Where did you find that?"

"In a manuscript at Wolfenbuttel."

The king laughed loudly, though he himself had been citing manuscripts. But he returned to the charge and said,--

"Can you cite any passage of Horace (not in manuscript) where he shews his talent for delicacy and satire?"

"Sir, I could quote several passages, but here is one which seems to me very good: 'Coyam rege', says the poet, 'sua de paupertate tacentes, plus quan pocentes ferent."

"True indeed," said the king, with a smile.

Madame Schmit, who did not know Latin, and inherited curiosity from her mother, and eventually from Eve, asked the bishop what it meant, and he thus translated it:

"They that speak not of their necessities in the presence of a king, gain more than they that are ever asking."

The lady remarked that she saw nothing satirical in this.

After this it was my turn to be silent again; but the king began to talk about Ariosto, and expressed a desire to read it with me. I replied with an inclination of the head, and Horace's words: 'Tempora quoeram'.

Next morning, as I was coming out from mass, the generous and unfortunate Stanislas Augustus gave me his hand to kiss, and at the same time slid a roll of money into my hand, saying,--

"Thank no one but Horace, and don't tell anyone about it."

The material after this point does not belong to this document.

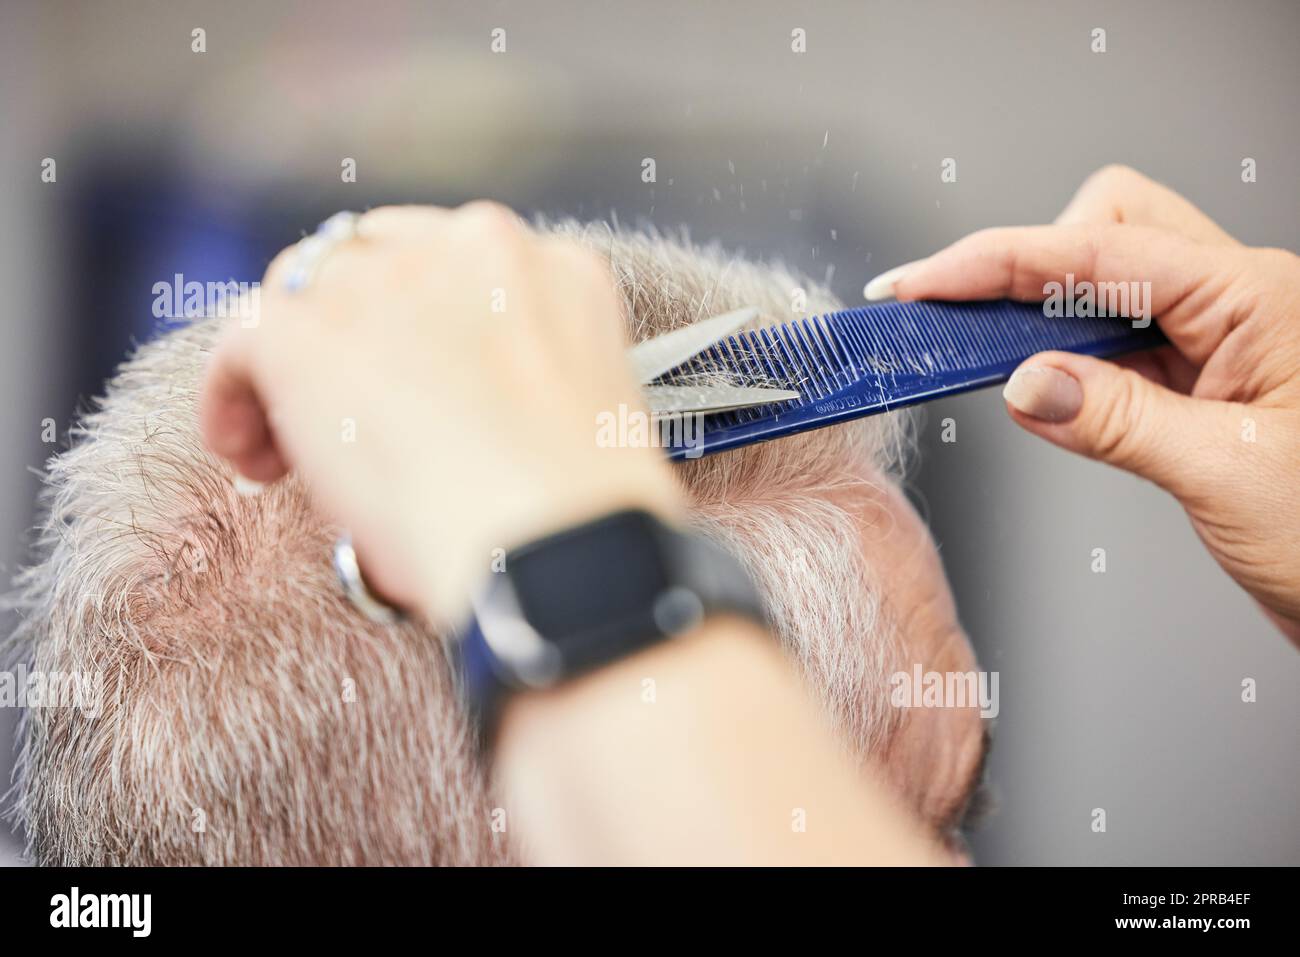 Ein Haarschnitt macht einen großen Unterschied zu Ihrem Aussehen. Ein Mann bekommt einen Haarschnitt in einem Salon. Stockfoto

The roll contained two hundred ducats, and I immediately paid off my debts. Since then I went almost every morning to the king's closet, where he was always glad to see his courtiers, but there was no more said about reading Ariosto. He knew Italian, but not enough to speak it, and still less to appreciate the beauties of the great poet. When I think of this worthy prince, and of the great qualities he possessed as a man, I cannot understand how he came to commit so many errors as a king. Perhaps the least of them all was that he allowed himself to survive his country. As he could not find a friend to kill him, I think he should have killed himself. But indeed he had no need to ask a friend to do him this service; he should have imitated the great Kosciuszko, and entered into life eternal by the sword of a Russian.

The carnival was a brilliant one. All Europe seemed to have assembled at Warsaw to see the happy being whom fortune had so unexpectedly raised to a throne, but after seeing him all were agreed that, in his case at all events, the deity had been neither blind nor foolish. Perhaps, however, he liked shewing himself rather too much. I have detected him in some distress on his being informed that there was such a thing as a stranger in Warsaw who had not seen him. No one had any need of an introduction, for his Court was, as all Courts should be, open to everyone, and when he noticed a strange face he was the first to speak.

Here I must set down an event which took place towards the end of January. It was, in fact, a dream; and, as I think I have confessed before, superstition had always some hold on me.

I dreamt I was at a banquet, and one of the guests threw a bottle at my face, that the blood poured forth, that I ran my sword through my enemy's body, and jumped into a carriage, and rode away.

Prince Charles of Courland came to Warsaw, and asked me to dine with him at Prince Poninski's, the same that became so notorious, and was afterwards proscribed and shamefully dishonoured. His was a hospitable house, and he was surrounded by his agreeable family. I had never called on him, as he was not a 'persona grata' to the king or his relations.

In the course of the dinner a bottle of champagne burst, and a piece of broken glass struck me just below the eye. It cut a vein, and the blood gushed over my face, over my clothes, and even over the cloth. Everybody rose, my wound was bound up, the cloth was changed, and the dinner went on merrily. I was surprised at the likeness between my dream and this incident, while I congratulated myself on the happy difference between them. However, it all came true after a few months.

Madame Binetti, whom I had last seen in London, arrived at Warsaw with her husband and Pic the dancer.